Daran werden wohl auch die unverkennbaren Fortschritte der Krebsmedizin nichts ändern können. Doch bei verschiedenen Tumorformen nehmen die Sterberaten kontinuierlich ab. Bestes Beispiel ist der Darmkrebs: Die Fünf-Jahres-Überlebensrate liegt bei dieser Krebserkrankung bei Männern und Frauen inzwischen bei 60 Prozent. Wird der Tumor erst im metastasierten Stadium entdeckt, so werden immerhin noch mediane Überlebenszeiten von etwa zwei Jahren erreicht, eine Entwicklung, die vor wenigen Jahren noch undenkbar erschien.

Personalisierte Therapie: Biomarker halten Einzug

Sie gründet sich zum einen auf die immensen Bemühungen um eine verbesserte Krebsvorsorge und Krebsfrüherkennung und zum anderen auf Fortschritte in der Tumortherapie, betonte Kongresspräsident Prof.
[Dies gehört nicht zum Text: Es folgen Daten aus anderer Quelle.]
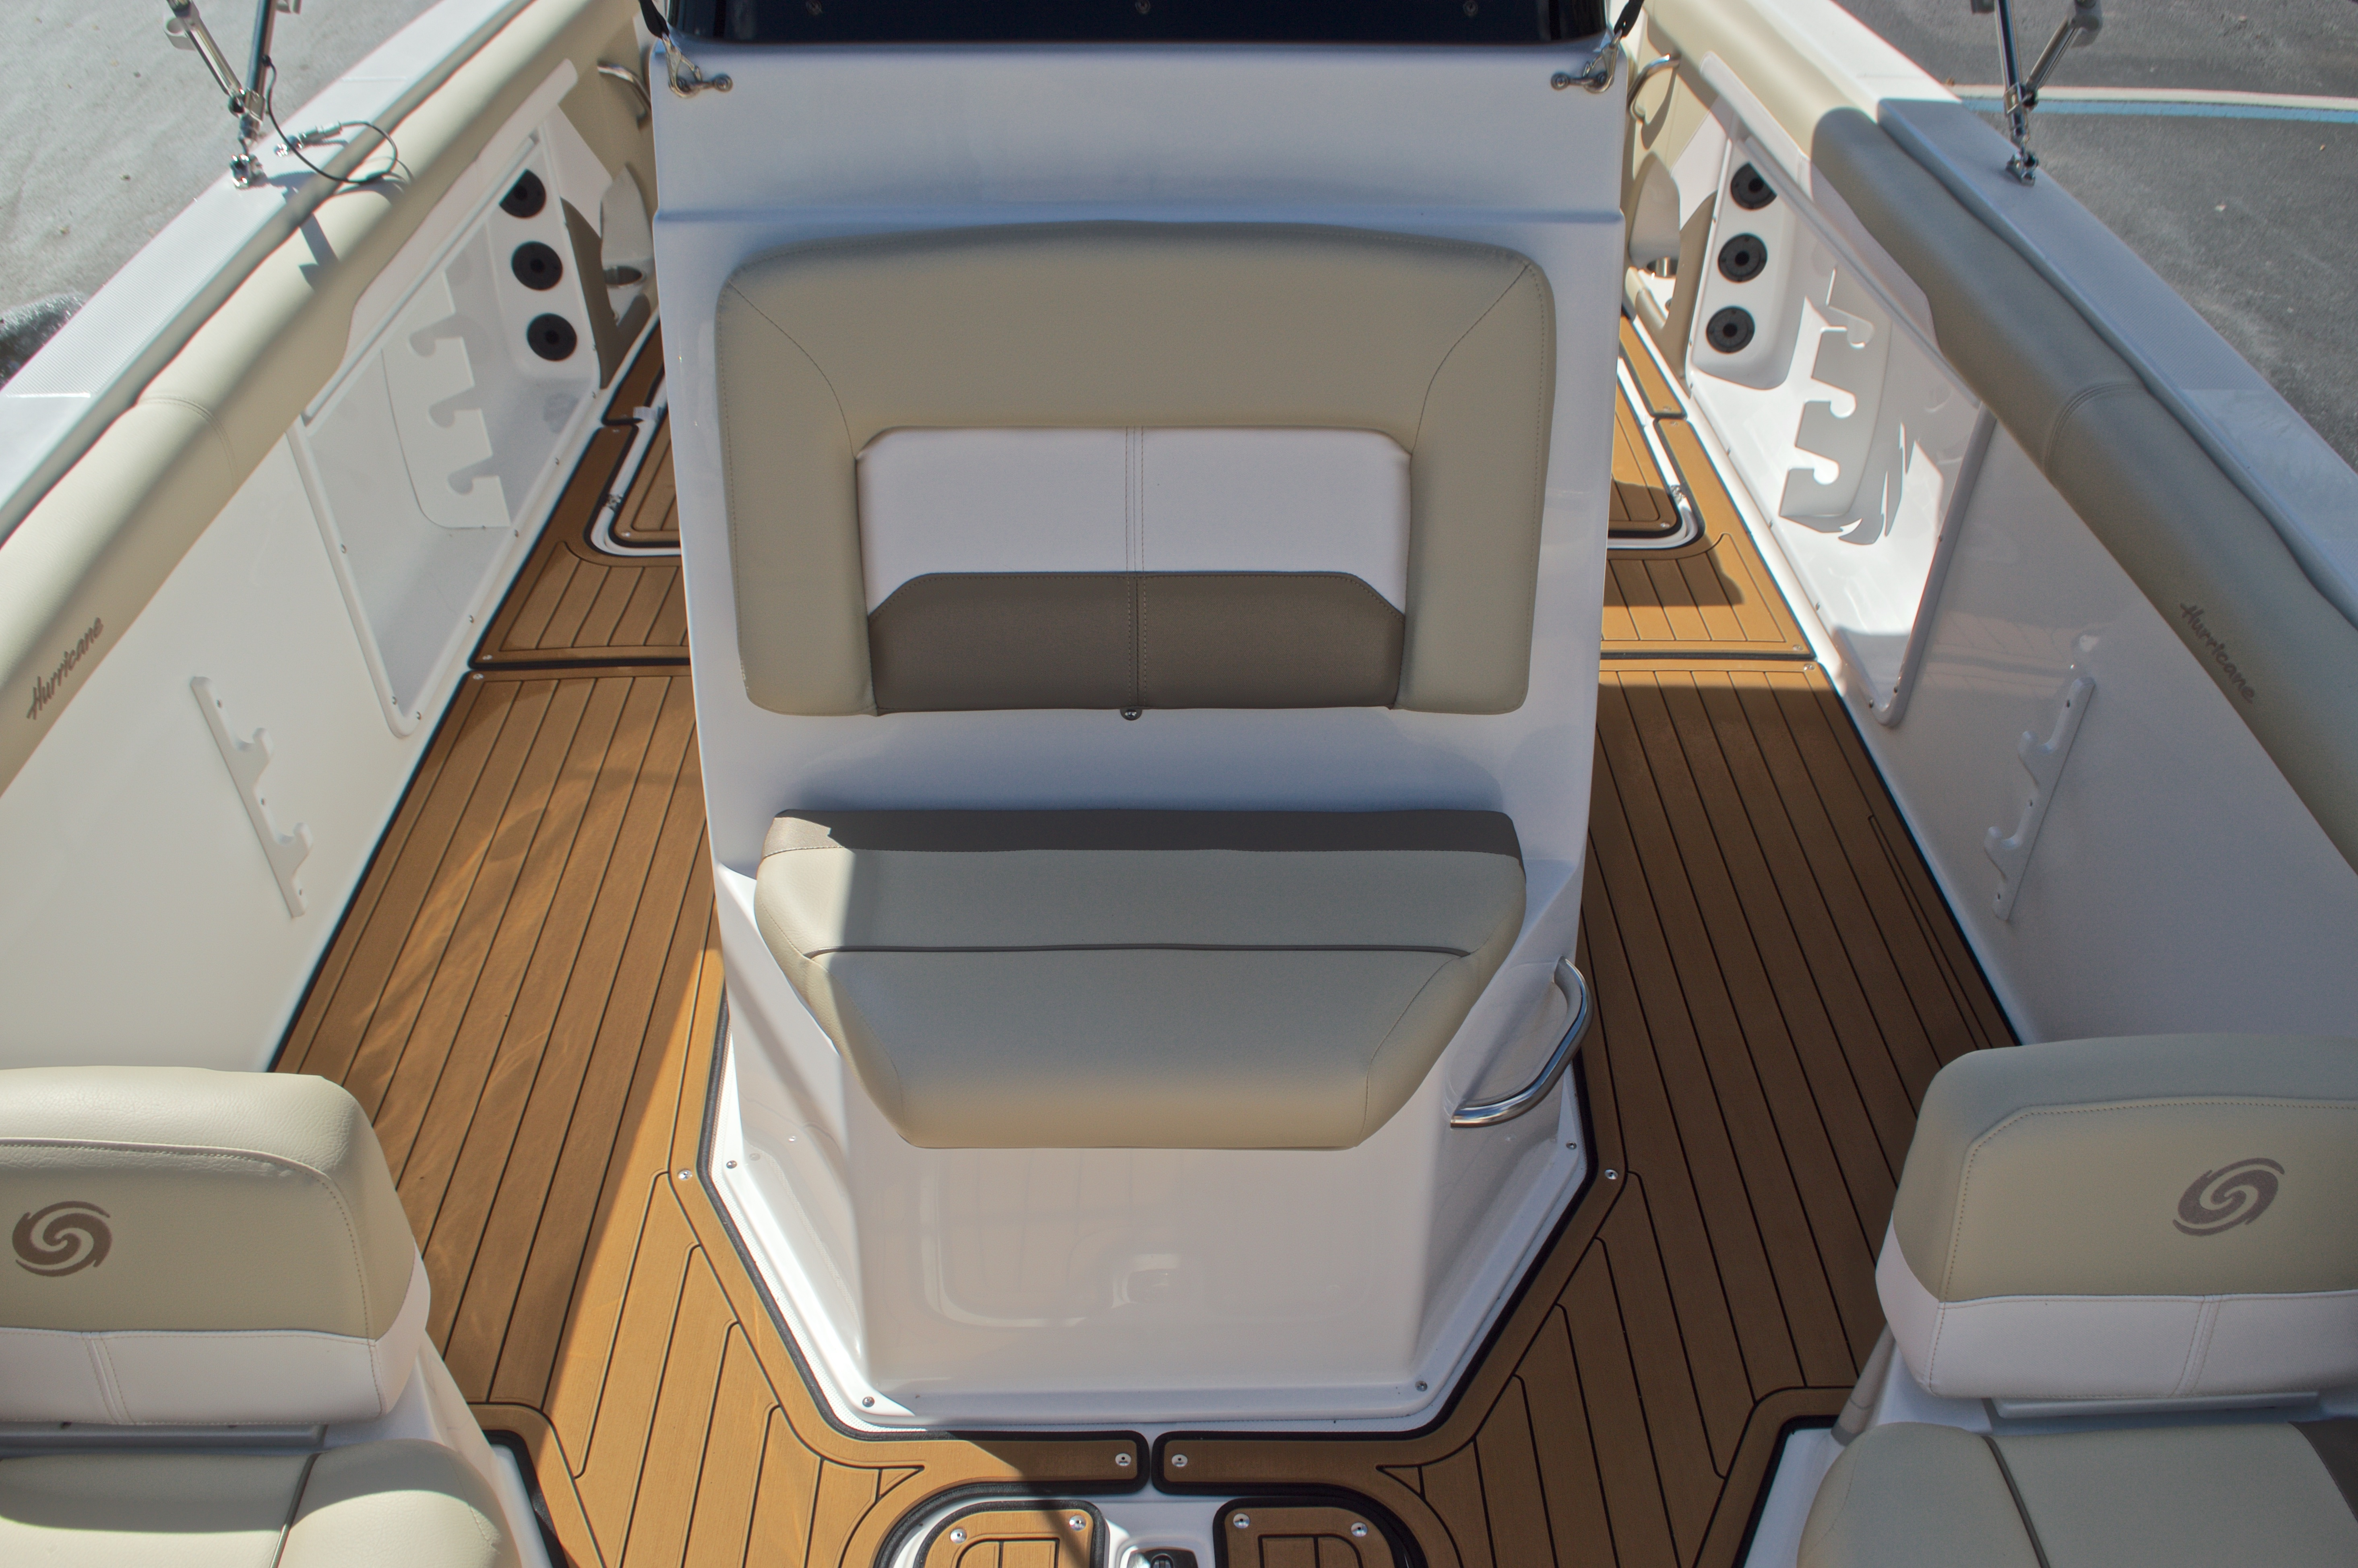 Thumbnail 39 for New 2017 Hurricane CC21 Center Console boat for sale in Vero Beach, FL

Dr. Wolff Schmiegel aus Bochum. So werden Tumore und der Hintergrund ihrer Entstehung zunehmend besser verstanden. Das aber gibt neue Forschungsimpulse, weitere zielgerichtete Behandlungsstrategien zu entwickeln. Die "personalisierte Krebsbehandlung", ein Schlagwort, das seit Jahren schon die Krebsforschung und Krebsmedizin beherrscht, steht nach Schmiegel in vielen Bereichen an der Schwelle der klinischen Routine und hat diese bei einzelnen Tumoren sogar schon überschritten.

Auch in diesem Punkt ist der Darmkrebs ein Beispiel, da durch die Bestimmung des k-ras-Onkogens vor der Behandlung deren Erfolgsaussichten vorhergesagt werden können. Ein weiteres Beispiel ist der Magenkrebs, bei dem seit Kurzem ebenso wie bereits beim Brustkrebs die Therapie danach ausgerichtet werden kann, ob der Tumor HER2-positiv ist oder nicht, ob er also den Wachstumsfaktor HER2 (Human Epidermal growth factor Receptor 2) überexprimiert oder nicht. Damit ziehen die ersten Biomarker bei der Behandlung verschiedener Tumore in den klinischen Alltag ein.
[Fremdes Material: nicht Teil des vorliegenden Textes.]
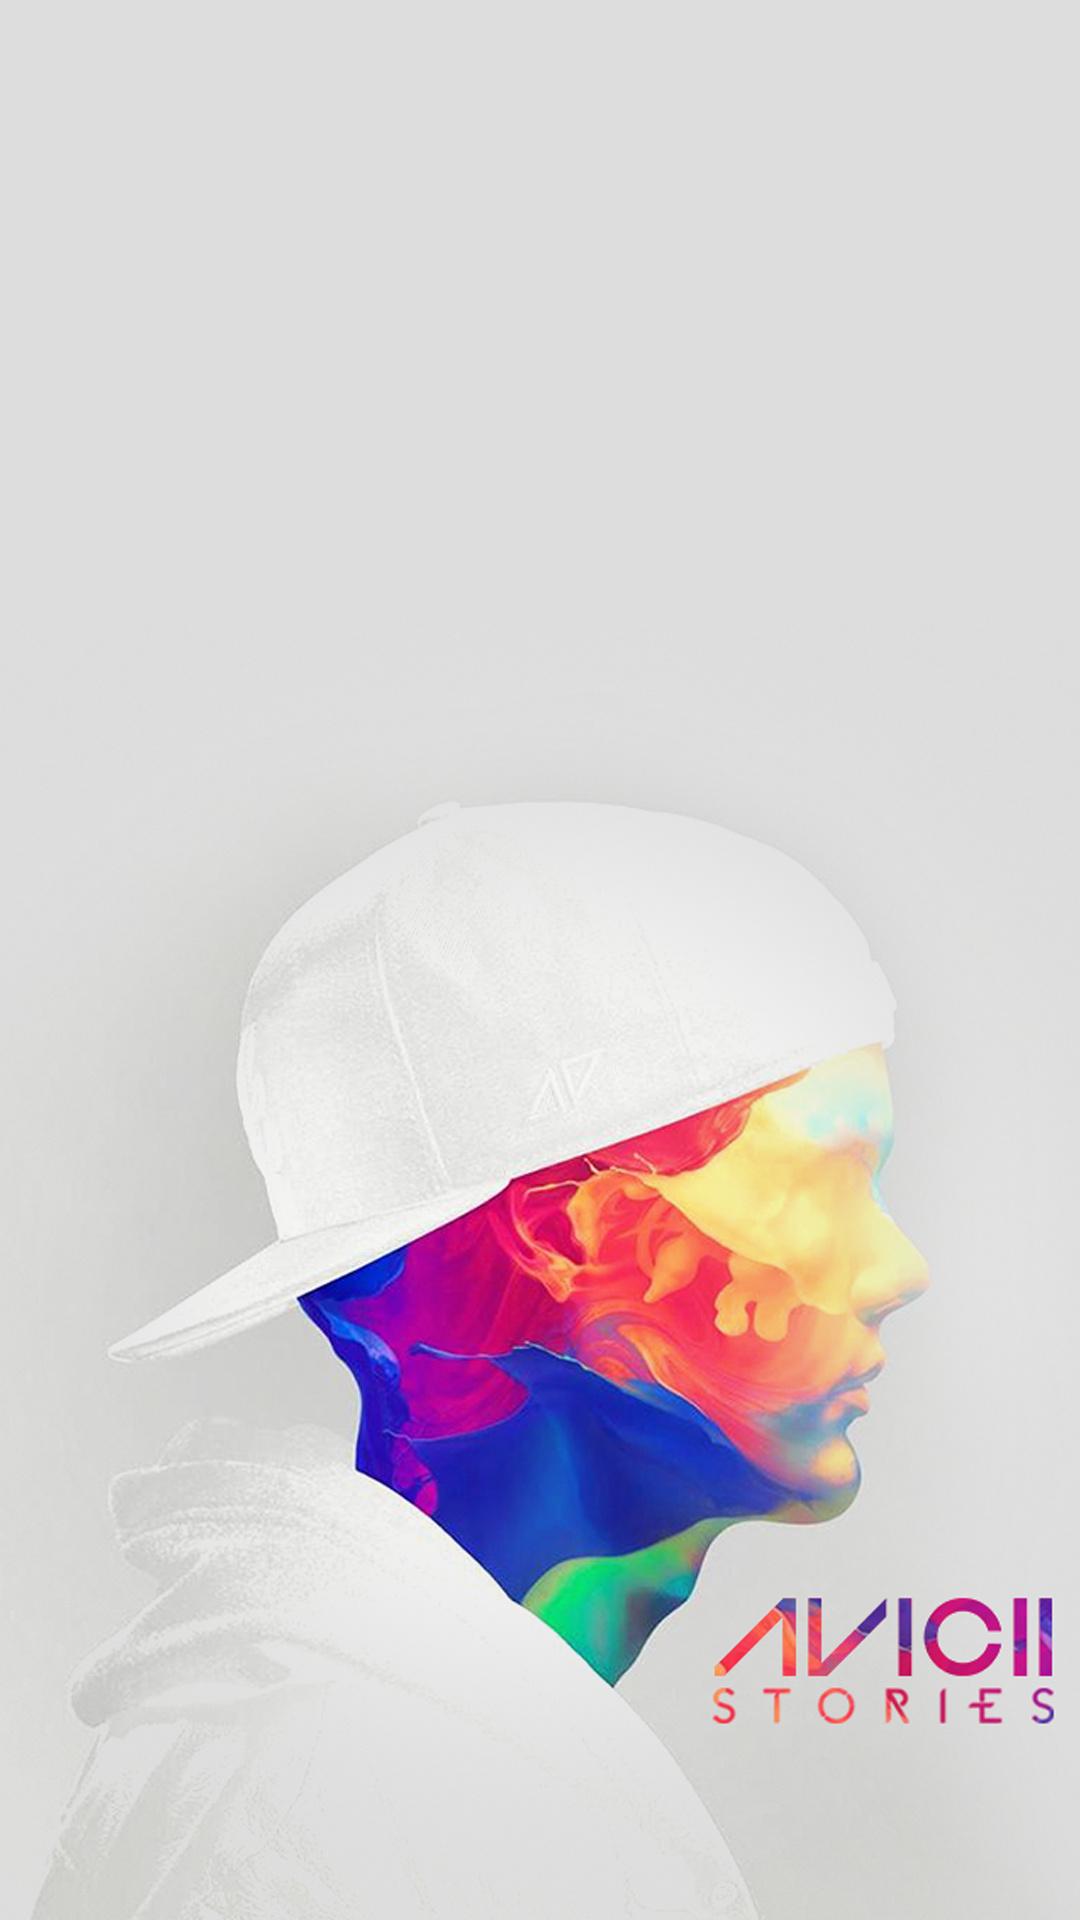 iPhone wallpaper avicii 1 Avicii

Diese Entwicklung wird sich fortsetzen und es gibt eine ganze Vielzahl an neuen Substanzen in den pharmazeutischen Pipelines. "Die Tumortherapie ist in hohem Maße innovativ und zunehmend individualisiert", fasste Hohenberger diese Entwicklung zusammen. Sie ist damit aber auch teuer. Das setzt einerseits die Gesundheitssysteme unter Druck und schürt andererseits auf Seiten der Patienten Ängste, möglicherweise allein schon aus Kostengründen nicht die bestmögliche Therapie zu erhalten.

Die "gefühlte Qualität" ist hoch

Es müssen deshalb, so hieß es in Berlin, Strukturen geschaffen werden, die dieser Entwicklung Rechnung tragen und für einen rationalen Einsatz der neuen Therapieoptionen sorgen. Die deutschen Krebsmediziner setzen dabei auf die Behandlung von Tumorpatienten in zertifizierten Organkrebszentren. 400 solcher Zentren sind bereits zertifiziert, 200 weitere stehen aktuell zur Zertifizierung an. Für bessere Strukturen im Kampf gegen Krebserkrankungen soll zudem der Nationale Krebsplan sorgen, hinter dem neben der Deutschen Krebsgesellschaft auch die Bundesregierung, die Arbeitsgemeinschaft Deutscher Tumorzentren und die Deutsche Krebshilfe steht, der aber in der Öffentlichkeit bislang wenig Beachtung gefunden hat. Der Nationale Krebsplan soll für eine flächendeckend bessere Versorgung von Krebspatienten hierzulande sorgen und auch dafür, dass Innovationen in der Behandlung für alle Patienten gesichert werden können. Er soll mit dazu beitragen, dass die deutsche Krebsmedizin den internationalen Anschluss nicht verpasst. Denn, so Hohenberger, "die gefühlte Qualität der deutschen Krebsmedizin scheint uns hoch zu sein, tatsächlich werden wir in der internationalen Landschaft aber nur im Mittelfeld gehandelt".

Quelle Prof. Dr. W. Hohenberger, Erlangen, Prof. Dr. Wolff Schmiegel, Bochum, Eröffnungsreden beim 29. Deutschen Krebskongress, Berlin, 24. Februar 2010.